La terapia medica trova applicazione sia nel breve che nel lungo termine, soprattutto nei pazienti non candidabili a chirurgia. I farmaci attualmente in commercio in Italia possono avere come bersaglio l’ipofisi (pasireotide, pasireotide LAR o carbergolina), il surrene (inibitori della steroidogenesi come metopirone, ketoconazolo, mitotane e, più recentemente, osilodrostat). La terapia con mitotane, farmaco adrenolitico poco maneggevole, viene riservata ai casi di estrema gravità. In fase di studio sono, invece, nuove molecole come levoketoconazolo e relacorilant, rispettivamente enantiomero del ketoconazolo con potenziali minori effetti collaterali a livello epatico e antagonista selettivo del recettore dei gliucocorticoidi. L’efficacia è molto variabile, maggiore per gli inibitori della steroidoigenesi che per pasireotide o carbergolina, efficaci nel 40% circa dei pazienti. Pasireotide ha, tuttavia, un effetto anche nella riduzione del volume tumorale, mentre carbergolina a lungo termine può presentare un fenomeno di escape. Le diverse terapie possono essere usate da sole o in combinazione. Il vantaggio della terapia medica è che ha una più rapida modalità di azione rispetto alla terapia chirurgica/radioterapia, a fronte di un minor rischio di iposurrenalismo. Gli effetti collaterali sono farmaco-specifici (Tabella 3).

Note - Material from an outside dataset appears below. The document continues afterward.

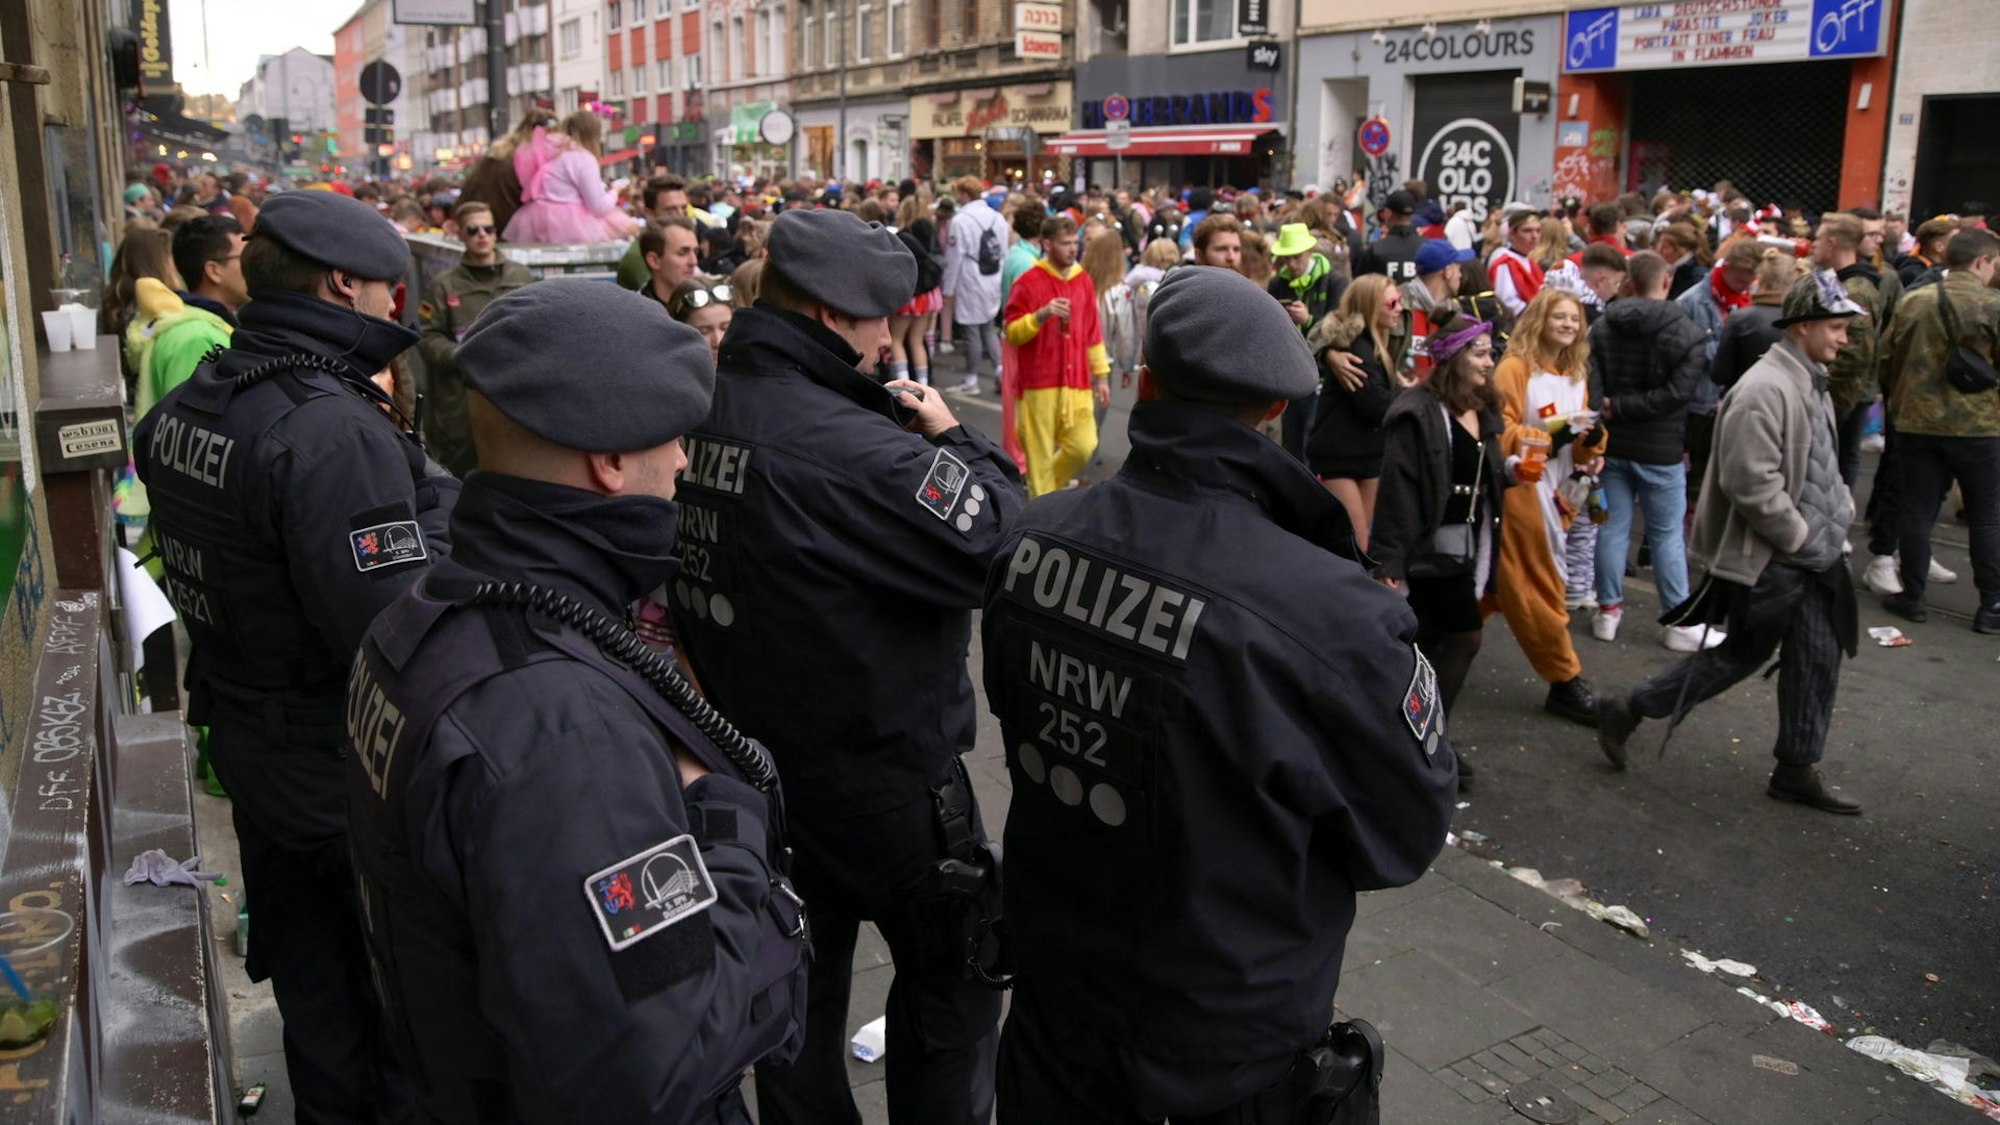 Polizisten einer Hundertschaft stehen am Rand der Zülpicher Straße und beobachten kostümierte Menschen, die vorüberziehen.

Tabella 3 Effetti collaterali della terapia medica

Surrenectomia bilaterale

La surrenectomia bilaterale trova spazio nelle situazioni di ipercortisolismo non controllato o in caso di comparsa di effetti collaterali della terapia medica. È una terapia efficace al 100%; migliora le comorbilità della malattia e la qualità di vita. Il motivo per cui viene riservata come ultima opzione è il rischio di insorgenza di Sindrome di Nelson (prevalenza 8–29%) e la certezza di insorgenza di iposurrenalismo, con la necessità di una terapia sostitutiva a vita e il rischio di insorgenza di crisi iposurrenaliche.

Nei pazienti con ipercortisolismo lieve, senza segni clinici di MC, può essere consigliabile eseguire solo una sorveglianza biochimica, tenendo in considerazione, però, il fatto che anche queste forme sono correlate a un aumentato rischio cardiovascolare.

Conclusioni

Nella recidiva della MC, la terapia deve essere personalizzata e gestita da un team specializzato. Mentre si procede con le indagini biochimiche e radiologiche, è importante perseguire il controllo dell’ipercortisolismo per evitare il peggioramento del quadro clinico e delle comorbidità. La scelta della terapia deve essere basata sul grado di ipercortisolismo, sulle comorbilità preesistenti, sul residuo tumorale. Se la terapia è ben tollerata, potenzialmente potrebbe essere proseguita a vita, anche se nei pazienti più giovani andrebbe perseguita una cura definitiva. In questo scenario il quadro radiologico deve essere rivalutato nel tempo, poiché un adenoma potrebbe diventare visibile e permettere un successivo intervento.